The first driving holiday I went on from the driver’s seat was to Cornwall. From Norfolk, in a 1.25-litre Ford Fiesta, this felt like a very long way indeed.
Norfolk to Cornwall is not very far at all though. At least, that is what I’d go back in time and tell myself as I chugged up the M4 armed with tales of my most recent driving holiday: London to Donetsk, in the far east of Ukraine, and back again.
You can probably guess why I went there, but I’ll spare you my punditry here. Besides, the Ukrainian roads and those who use them boast as much drama as any penalty shootout. A good job, then, that my four fellow travellers and I had a Land Rover Discovery as our long-distance companion.
Driving east across western Europe is easy: French, Belgian, Dutch and German motorists seem that bit more clued up on lane and motorway etiquette than us Brits, and it ensures speedy progress, particularly on the autobahns of Germany.
I expected problems to start in Poland. Well-travelled Autocar chief snapper Stan Papior had a few war stories on Polish roads that threatened to make our estimates of how far we could travel each day optimistic at best.
And a phone call to European editor and Stuttgart resident Greg Kable on what sort of roads to expect east of the German-Polish border made me doubt if we’d ever complete the 2000km from Dresden to Donetsk.
As it happened, we had nothing to fear from Poland. Clearly, a lot of money has been spent on the roads, and made any view that the major Polish roads were anything but fantastic seem a bit prehistoric.
The 400km from Germany to Krakow in the south of Poland is possible in three hours, although the 250km east of Krakow and to the Ukraine border takes at least four hours as the brand-new dual carriageways (complete with electronic signs telling you the temperature of the road) is swapped for brand-new single carriageways because they serve less traffic.
If we’d been pleasantly surprised by Polish roads, we expected the pleasantries to end in the Ukraine. Not so initially. What was noticeable were the cars the locals were driving.
The Fords and VWs that are so common in western Europe are almost non-existent in the Ukraine. Instead, Ladas (both battered wrecks and sparkly new ones), Dacias and three-box Japanese saloons were the most common road occupiers. Oh, and horse and carts.

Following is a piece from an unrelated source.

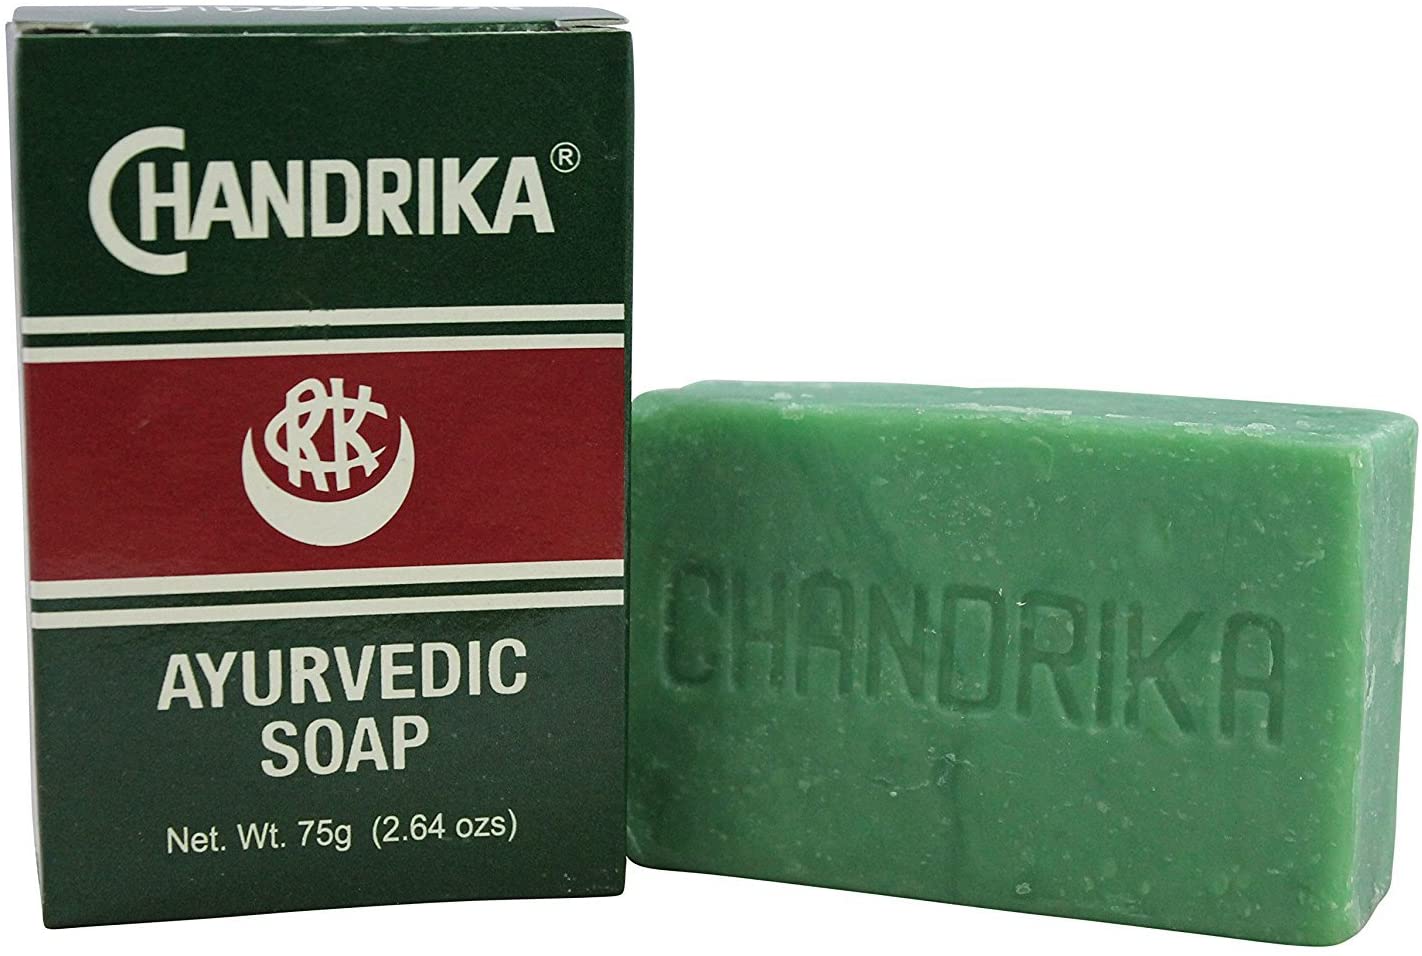 Product Listing Image for Chandrika Ayurvedic Soap

The hosting of Euro 2012 has clearly brought with it a lot of investment for the Ukrainian road network. Heading east to Kiev across the north of the country is around 50 per cent brand new dual carriageways; the other half being resurfaced single roads. Passing is a doddle on these sections, as the roads are so straight and wide.
But head east of Kiev and a real adventure starts. ‘That’ll do’ is the attitude to roads once you’re on your way out of Kiev heading east to Kharkiv.
Smooth dual carriageways can become mile upon mile of dirt track next to where new roads are being built with no warning; major junctions are a free-for-all as they have no white lines, traffic lights or warning signs; potholes that can swallow a Discovery have a habit of appearing on even the smoothest of roads; and huge tracks have been carved into poorly surfaced asphalt roads by the huge lorries that use them.
The Discovery, predictably, handled everything that Ukrainian roads could throw at it, even when the elements got involved with the frequent lightning storms. This is a car that just works, whether as a workhorse on a Herefordshire farm, in heavy commuter traffic on the M25 or taking five hopelessly optimistic football fans across an entire continent.
The road trip highlight was saved for driving through the centre of Ukraine’s westernmost city, Lviv. Here, trams fight with cars, taxis, pedestrians and cyclists on cobbled streets that drop several feet from one side of the pavement to the other, with several other dips in the middle.
It would have been intimidating in anything other than a Discovery, but the high driving position and boxy shape meant it could be positioned in gaps in the traffic where we could look down on the chaos around us. If ‘that’ll do’ is the unofficial motto of Ukraine’s roads, then the Discovery is the thing to do it in.